┏━━

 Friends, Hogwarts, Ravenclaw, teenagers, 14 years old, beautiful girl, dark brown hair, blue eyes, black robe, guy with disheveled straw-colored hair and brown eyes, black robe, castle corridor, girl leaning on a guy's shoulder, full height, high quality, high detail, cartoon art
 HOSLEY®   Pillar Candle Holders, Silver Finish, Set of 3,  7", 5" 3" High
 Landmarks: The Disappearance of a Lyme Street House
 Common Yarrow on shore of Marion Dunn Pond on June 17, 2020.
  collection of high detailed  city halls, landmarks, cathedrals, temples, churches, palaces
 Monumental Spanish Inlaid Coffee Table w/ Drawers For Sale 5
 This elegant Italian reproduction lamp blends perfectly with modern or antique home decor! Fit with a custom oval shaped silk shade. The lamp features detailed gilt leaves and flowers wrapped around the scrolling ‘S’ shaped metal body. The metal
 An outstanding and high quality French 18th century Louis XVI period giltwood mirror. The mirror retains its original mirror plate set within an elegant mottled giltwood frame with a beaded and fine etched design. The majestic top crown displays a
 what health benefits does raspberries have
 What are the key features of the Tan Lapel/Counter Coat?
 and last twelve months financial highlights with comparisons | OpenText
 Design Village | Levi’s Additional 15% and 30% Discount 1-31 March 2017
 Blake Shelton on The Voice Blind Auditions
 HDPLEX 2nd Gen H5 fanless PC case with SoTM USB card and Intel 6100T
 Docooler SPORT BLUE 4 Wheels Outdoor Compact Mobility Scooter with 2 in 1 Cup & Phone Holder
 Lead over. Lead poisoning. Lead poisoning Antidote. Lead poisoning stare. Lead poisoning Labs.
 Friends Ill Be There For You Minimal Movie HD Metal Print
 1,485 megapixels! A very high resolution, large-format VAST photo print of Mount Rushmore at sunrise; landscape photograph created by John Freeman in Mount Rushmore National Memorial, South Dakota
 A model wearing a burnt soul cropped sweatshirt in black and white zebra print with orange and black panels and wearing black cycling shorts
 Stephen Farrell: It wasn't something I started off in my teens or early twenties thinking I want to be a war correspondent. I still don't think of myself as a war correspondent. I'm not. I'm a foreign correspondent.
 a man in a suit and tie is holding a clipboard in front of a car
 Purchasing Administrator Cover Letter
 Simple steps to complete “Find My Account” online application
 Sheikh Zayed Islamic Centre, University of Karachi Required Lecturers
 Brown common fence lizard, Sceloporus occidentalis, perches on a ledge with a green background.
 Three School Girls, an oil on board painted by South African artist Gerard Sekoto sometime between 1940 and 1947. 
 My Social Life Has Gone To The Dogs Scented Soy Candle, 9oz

┗━━

→ **Task requirements**
Find all the lines with "Candle" in the data and copy them.

→ **Task answer**
 HOSLEY®   Pillar Candle Holders, Silver Finish, Set of 3,  7", 5" 3" High
 My Social Life Has Gone To The Dogs Scented Soy Candle, 9oz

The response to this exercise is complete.